SEPTEMBER 12, 2003
REPORTER'S NOTEBOOK
By Manjeet Kripalani

Kandahar's Frontier of Sorrow - Part 1
The Taliban's war-scarred former stronghold is marked by rubble, wariness, and a weary impatience for the promised rebuilding to begin

The airstrip at Kandahar in Afghanistan is baking. It's hot, about 100F, the sun blazing relentlessly on the surrounding mountains, harsh, naked, and burnt-brown after four years of drought. There's no beauty here, except the well-measured flatness of the airstrip, built by Americans in 1959 -- and then rebuilt after October, 2001, when the U.S. took Kandahar from the Taliban.


As I step from the U.N. Humanitarian Assistance Services aircraft that brought me from Kabul, I squint into the sun, remembering the last time I saw this airstrip. It was on Indian TV in the last days of December, 1999, when India's then-Foreign Minister, Jaswant Singh, walked across this field carrying a suitcase filled with $20 million in small notes, which he handed to armed Taliban in exchange for the lives of more than 200 Indian passengers on board an Indian Airlines aircraft that had been hijacked en route from Katmandu to Delhi by Al Qaeda terrorists. An ominous prelude to the 21st century, it struck me that the easy success of that operation might have emboldened Al Qaeda to launch the audacious attacks of September 11.

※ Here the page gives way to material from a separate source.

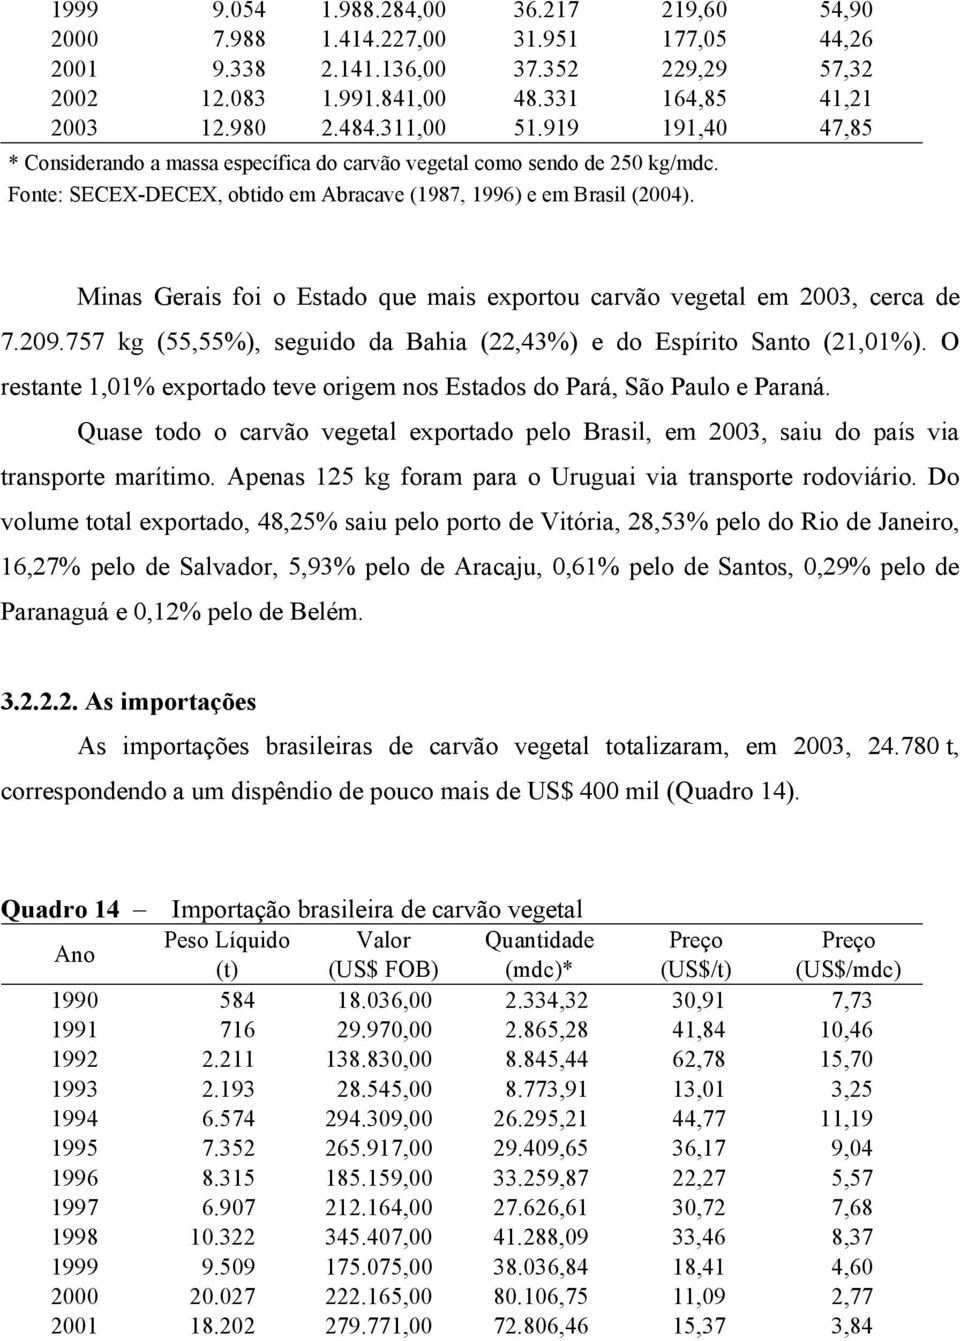 Minas Gerais foi o Estado que mais exportou carvão vegetal em 2003, cerca de 7.209.757 kg (55,55%), seguido da Bahia (22,43%) e do Espírito Santo (21,01%).

LABOR OF LOVE.  Then it's déjà vu: In the distance, two men in Afghan clothing are walking toward us. I almost expect to see rifles in their hands. But one makes a clearly un-Afghan move by embracing, in a bear hug, one of the young women who disembarked with me from the aircraft. It's an amazing sight -- especially when I see a long brown braid tumble from behind the head of the embracer.

I learn later that the hugger isn't a man at all, but former National Public Radio reporter Sarah Chayes, now the field director of Afghans for Civil Society, an organization set up by Qayum Karzai, brother of Afghan President Hamied Karzai, to help his countrymen relearn how to live in an open society -- a modern, democratic, free country. Sarah has come to welcome her assistant, Rangina Hamidi, who is back from the U.S. and India, where she has been selling the beautiful embroidery done only by Kandahari women. Chayes is the kind of person who makes humanity proud and America welcome here in Afghanistan.

We get into waiting jeeps and minibuses, which will take us to an undisclosed destination. Kandahar is an unsafe town, where things are done furtively, so as not to arouse interest. I'm here with a group of 41 women, who have come from all over Afghanistan to attend a conference on women's rights and Afghanistan's new constitution, now being drafted. The conference has been organized by Women for Afghan Women, a New York-based group formed by expat Afghans and non-Afghan women to help their sisters shed the burqa and claim their financial and legal rights under the new rule of law. It's quite a bold stroke, holding the conference in the former stronghold of the backward and brutal Taliban.

CITY OF RUINS.  At the airport gates, I see the only signs of the U.S. presence in my trip to this city. The Americans have taken over Kandahar airport -- the airfields and surrounding buildings. They are bunkered just within the airport gates. In sand-colored fatigues and sporting sunglasses, they are out of the sun, sitting erect in their vehicles beneath tent-like awnings. They look at the buses stonily. Who knows, we could be the enemy. Hidden behind burqas, 41 defenseless women.

The sight of the soldiers gives me a sense of security -- which quickly vanishes once we're out of the gates. For as we approach, Kandahar is like nothing I've ever seen. It's a city of rubble, roads have hardly any bitumen, the buildings are brick-and-mud ruins. The townscape is flat, desolate, dusty. In front of me is a jagged, sad little hill. An Afghan woman from the northern state of Badakshan, who speaks a little English, says to me, "Isn't that beautiful?" I nod politely, but my first impression is not one of beauty.

Then she pulls out a photo album and shows me pictures of a young man -- her son, she says -- who has been missing for two years, after being shanghaied by the Taliban and sent off to fight people with whom he had no quarrel. She suspects he is in a Taliban jail in Pakistan. The tears roll down her cheeks.